As autonomous AI agents increasingly transact across organizational boundaries, a fundamental trust challenge emerges: how can an agent assess whether an unknown counterpart is trustworthy? The ERC-8004 protocol addresses this challenge with the first permissionless trust layer for AI agent economies, built around three on-chain registries for Identity, Reputation, and Validation. Despite its rapid adoption, the protocol has not been studied empirically, leaving it unclear whether the information it records provides a trustworthy basis for decision-making. To address this gap, we present the first empirical study of ERC-8004 across three chains: Ethereum, BNB Smart Chain (BSC), and Base, covering the period from protocol deployment through May 13, 2026. We crawl on-chain Identity and Reputation events, off-chain files, and x402 payment transactions.
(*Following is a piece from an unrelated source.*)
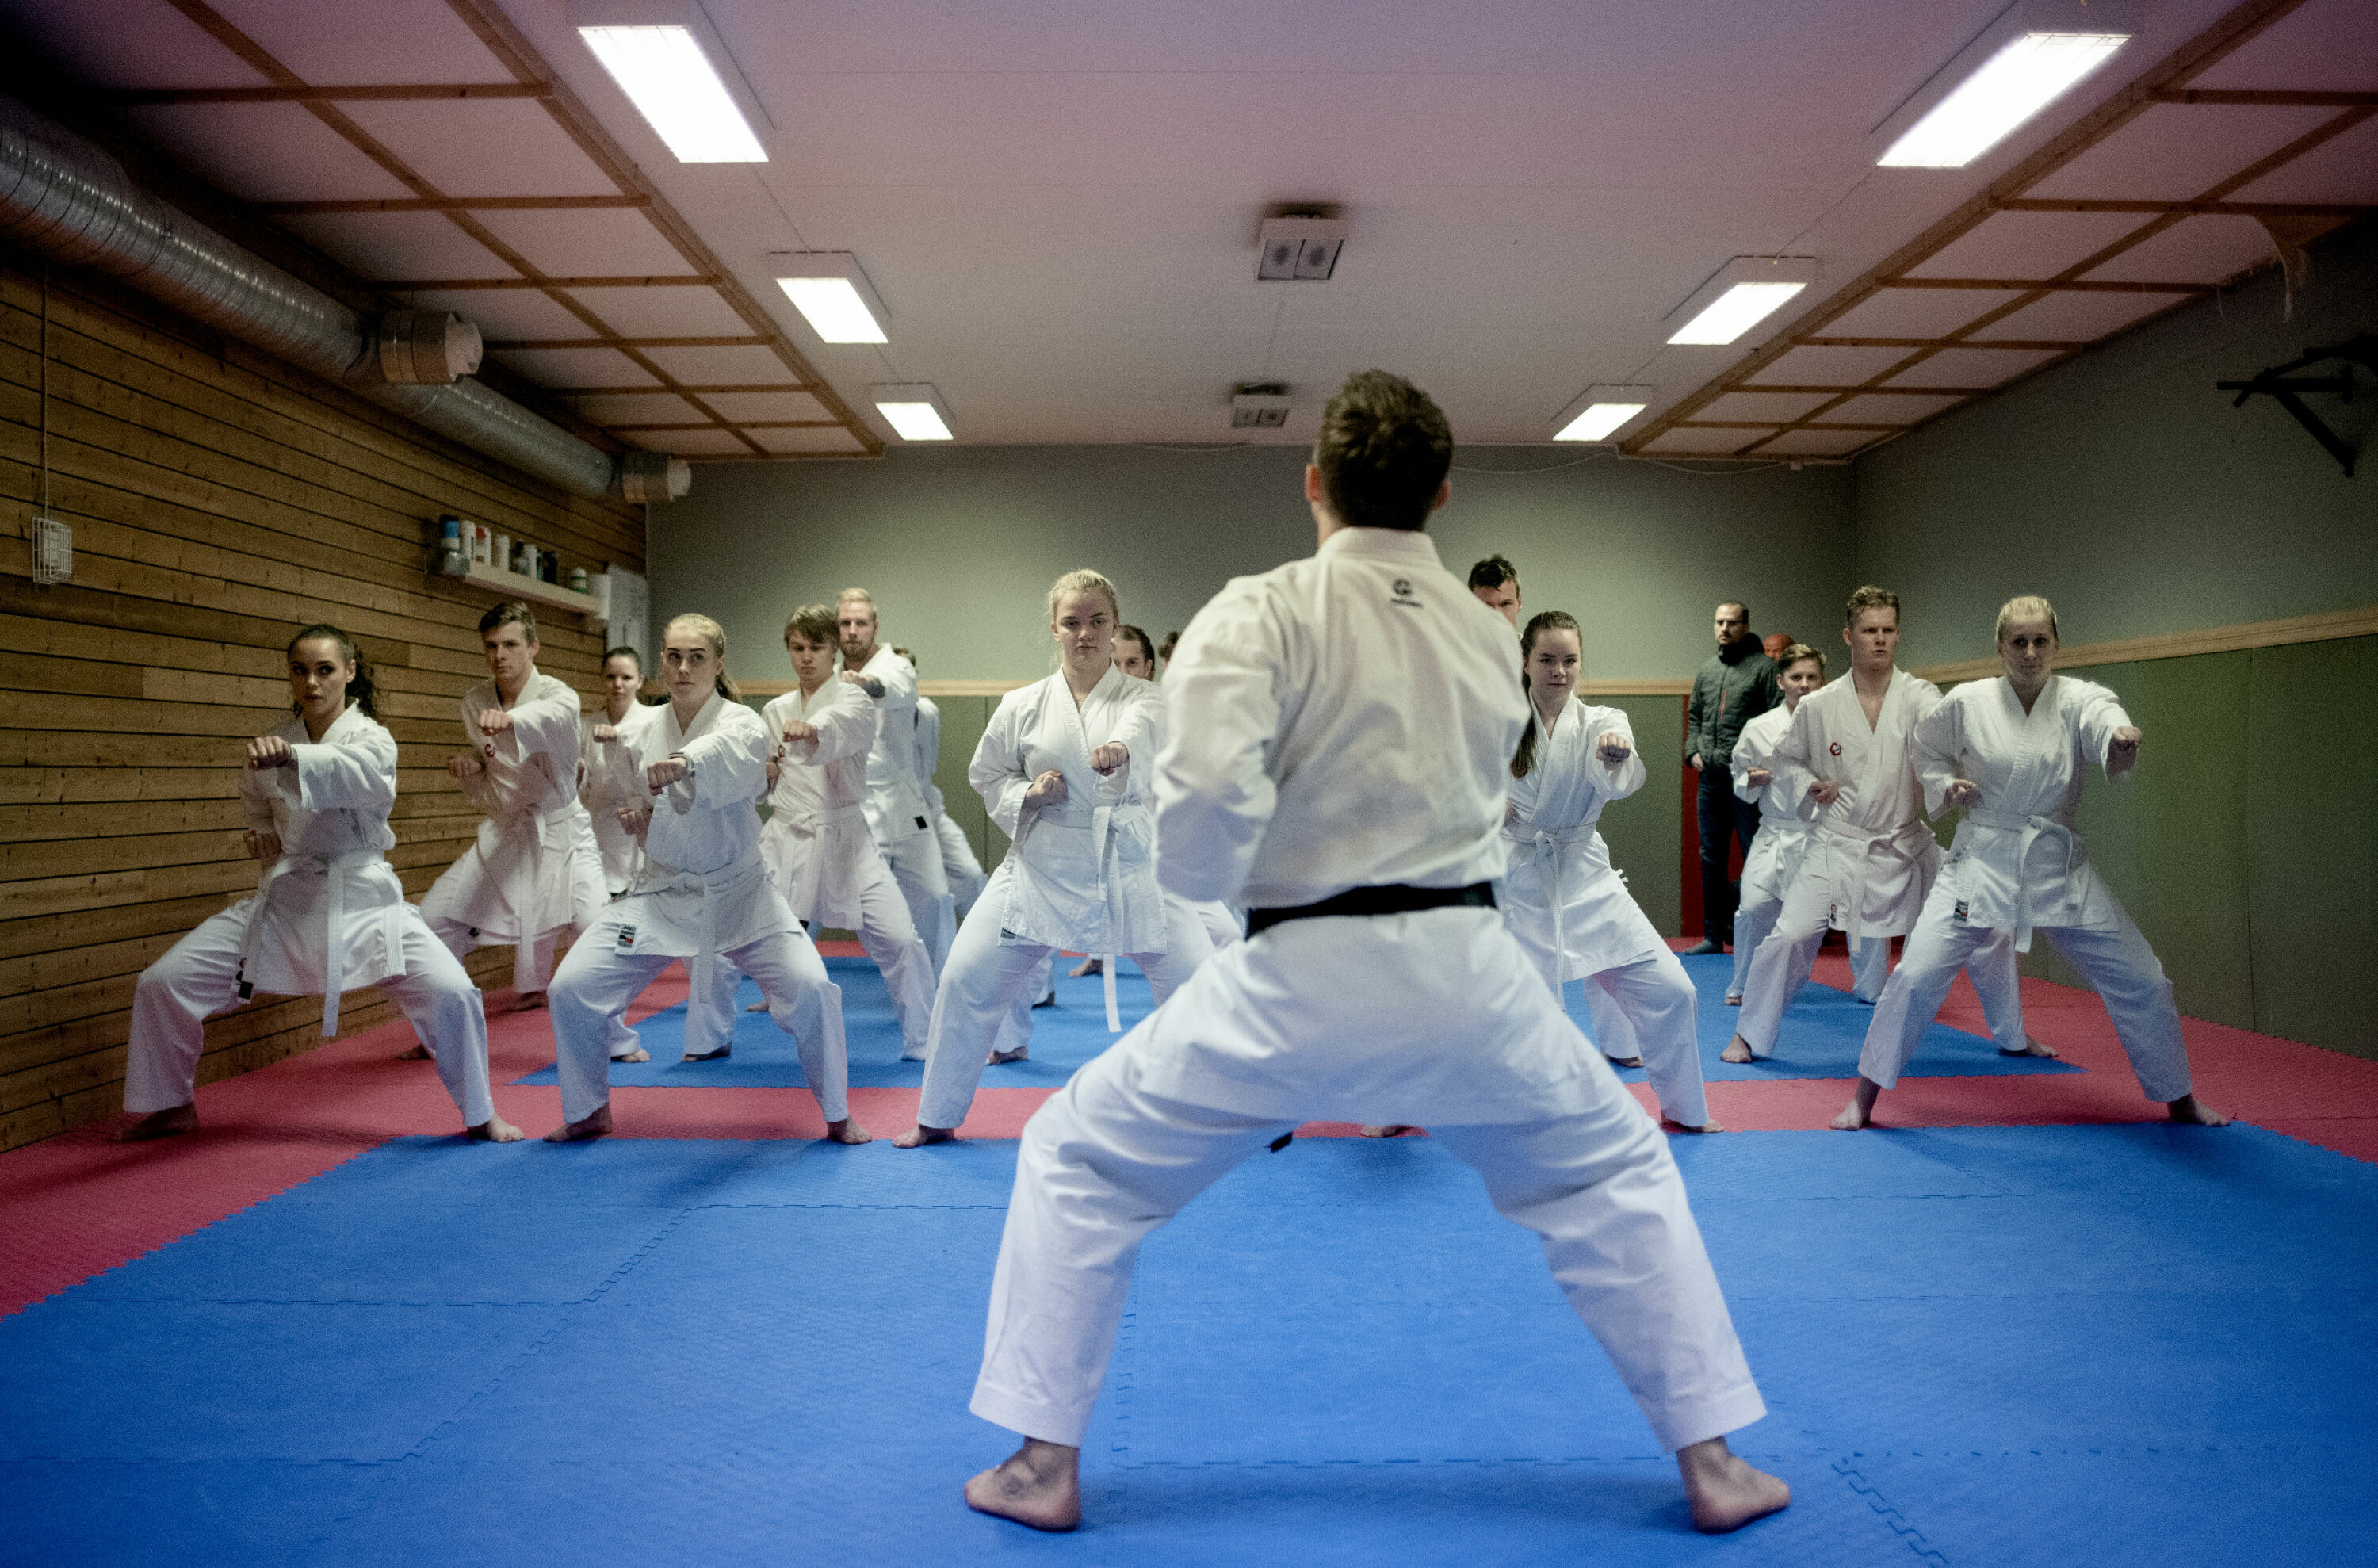 Førsteårs- og bahcelorstudentar i idrettsvitskap har karatetime saman. På studiet blir det lagt stor vekt på kople teori med utøvande idrett i mange ulike former. Foto: Marthe A. Vannebo

On the identity side, we find that most registrations are placeholders rather than active agents, with only a small fraction (3%, 4%, and 15% across Ethereum, BSC, and Base) exposing a valid ERC-8004 registration file with at least one live service endpoint. On the reputation side, we show that the Registry, as currently deployed, cannot function as a trust signal: values are not commensurable, feedback records are rarely grounded in verifiable interactions, and reputation can be manipulated at minimal cost. Consistent with these design weaknesses, we find that a substantial fraction of reviewers (73.6%, 59.2%, and 90.6% across Ethereum, BSC, and Base) exhibit coordinated Sybil behavior. After removing Sybil-flagged feedback, 15.5%, 72.3%, and 89.4% of rated agents, respectively, are left with no valid feedback. We then turn these findings into concrete recommendations for future revisions of ERC-8004. Our study yields actionable protocol-design implications and establishes an empirical baseline for research on AI agent markets.